Histologic assessment of a meningioma provides some information about its biologic behavior. An increased tendency to recur and a shorter interval to recurrence are properties of meningiomas that show malignant architectural and cytologic features. Such features are present in atypical and, to a greater extent, in anaplastic meningiomas, and develop progressively in meningiomas that recur several times. Infiltration of the brain is the most important histologic predictor of a high likelihood of local recurrence (see below). Other features are less reliable in predicting behavior. Even cytologically bland meningiomas can behave in a locally aggressive manner.
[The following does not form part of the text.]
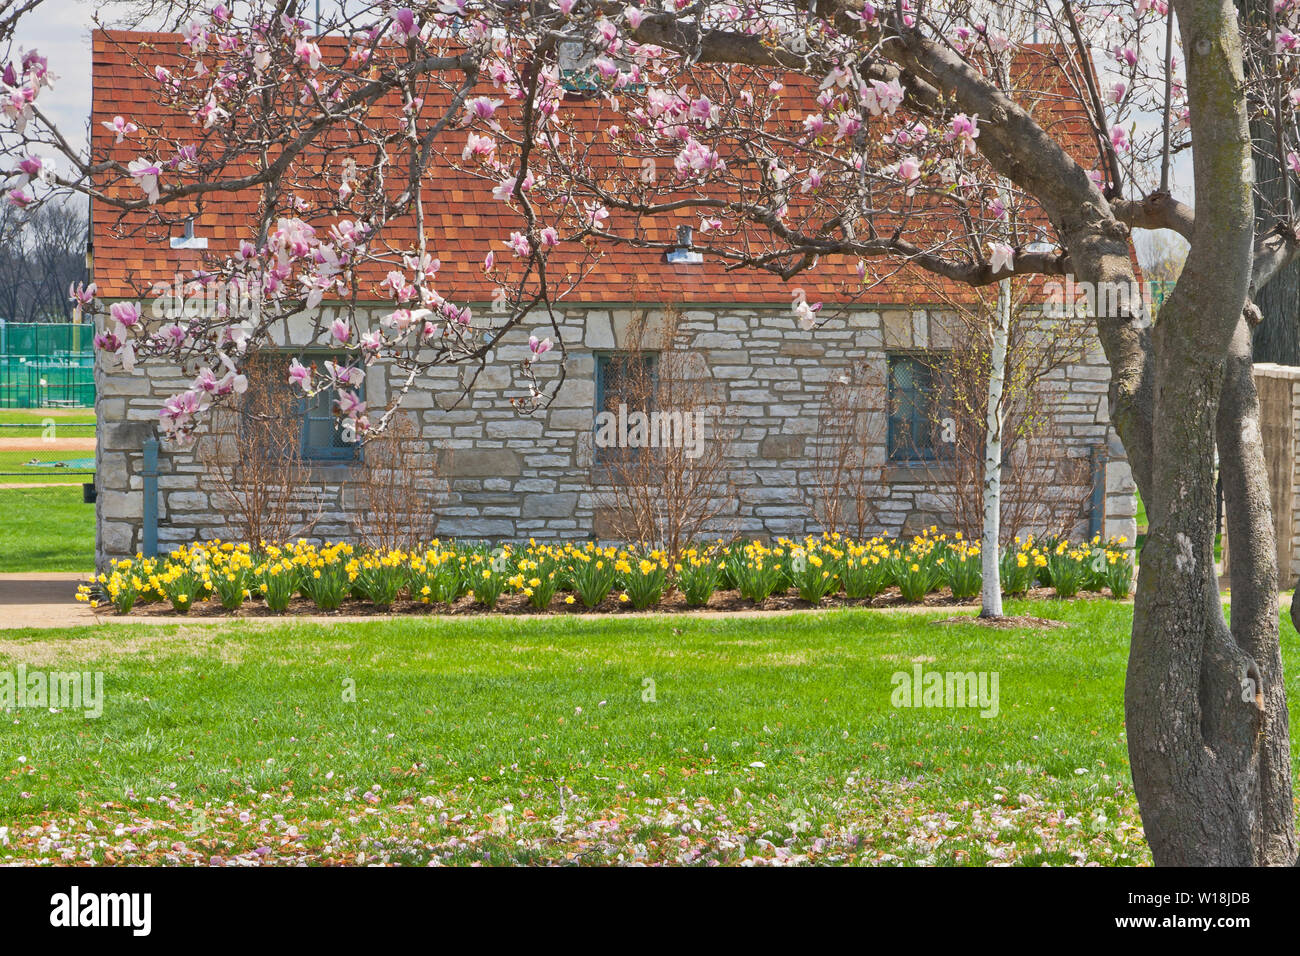 The pink blossoms of a saucer magnolia tree and a row of yellow daffodils frame a rustic-style stone building at St. Louis Forest Park on a spring day Stock Photo

Not all meningeal neoplasms are meningiomas. Metastatic neoplasms (see Chapter 46); hemangiopericytomas, hemangioblastomas, melanocytic neoplasms, and various mesenchymal neoplasms (see all in Chapter 45), may be located in the meninges. The term angioblastic meningioma, previously used for angiomatous meningiomas, hemangiopericytomas, and hemangioblastomas, is obsolete. Meningeal hemangiopericytomas/solitary fibrous tumors and hemangioblastomas are morphologically, immunophenotypically, and genetically distinct from meningiomas.

MACROSCOPIC APPEARANCES

Meningiomas arising around the cerebral convexities are generally spherical because they can displace underlying brain (Fig. 43.3). The shape of other meningiomas is constrained by their location, e.g. optic nerve meningiomas are fusiform. Meningiomas occasionally envelop rather than displace adjacent CNS structures (Fig. 43.4). Some meningiomas, particularly those on the sphenoid ridge, grow as plaques within the dura (en plaque meningioma).
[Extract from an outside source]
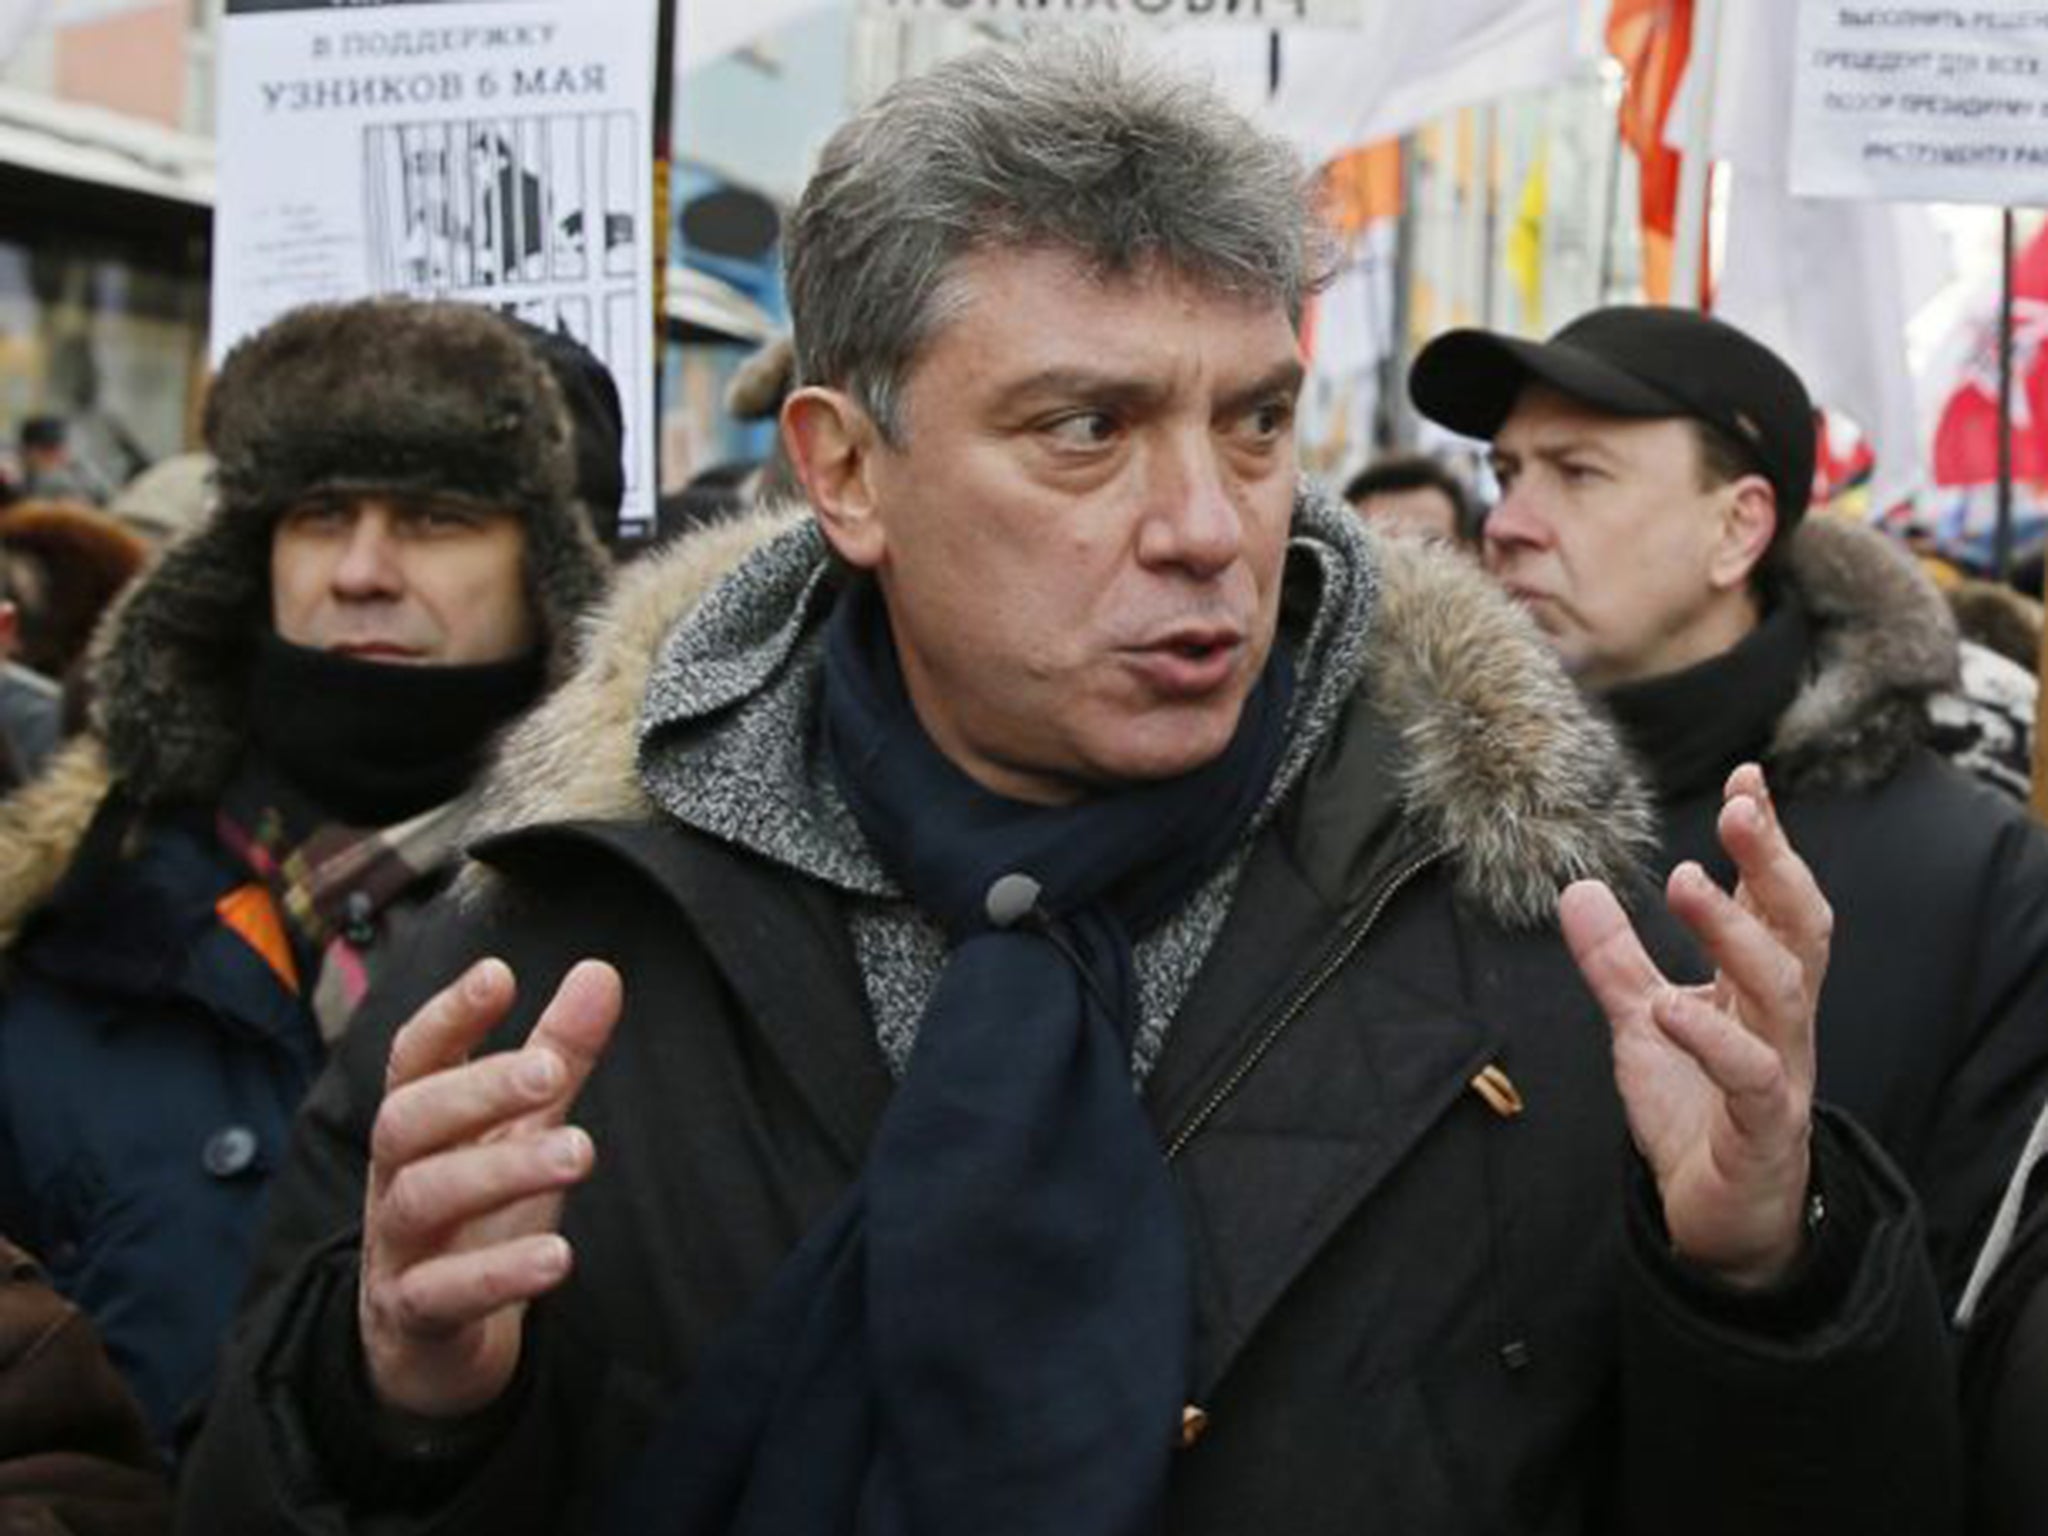 Putin critic: Nemtsov took a leading role in the opposition to the Kremlin’s policies

Most meningiomas have a smooth or slightly lobulated surface and a rubbery consistency (Fig. 43.5). They are usually solid on sectioning, but may have a soft, granular texture, and there may be obvious interlacing bands of fibrous tissue. Rarer variants may have specific macroscopic features, e.g. the microcystic meningioma has a gelatinous texture and the psammomatous meningioma feels gritty.
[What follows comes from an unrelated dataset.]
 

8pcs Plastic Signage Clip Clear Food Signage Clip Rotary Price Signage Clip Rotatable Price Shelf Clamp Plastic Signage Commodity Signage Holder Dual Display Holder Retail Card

The attached dura should be inspected for separate nodules of tumor, and the relationship between dura and tumor should be examined histologically (Fig. 43.6). Invasion of adjacent bone may be evident at operation, and pieces of bone may be submitted for examination (Fig. 43.7). The infiltrated bone often shows hyperostosis, a feature that can, however, occur adjacent to meningiomas even in the absence of bony invasion.

MICROSCOPIC APPEARANCES

Meningiomas exhibit a wide range of histologic patterns. Furthermore, a single meningioma may show a combination of patterns. The meningothelial, transitional, and fibrous variants predominate, forming a histologic continuum that should be regarded as prototypical of this neoplasm because their features appear, to a greater or lesser extent, in other variants as well.

Meningothelial meningiomas consist of sheets or lobules of oval cells that form rudimentary meningothelial whorls in a few places. Cytologic borders are indistinct. Single small nucleoli and nuclear pseudoinclusions formed by invaginations of the nuclear membrane are common (Fig. 43.8).

Fibrous meningiomas consist of spindle-shaped cells associated with variable amounts of pericellular collagen (Fig. 43.9).

Meningothelial and fibrous areas are combined in transitional meningiomas, which also contain widespread whorls and scattered psammoma bodies (Fig. 43.10).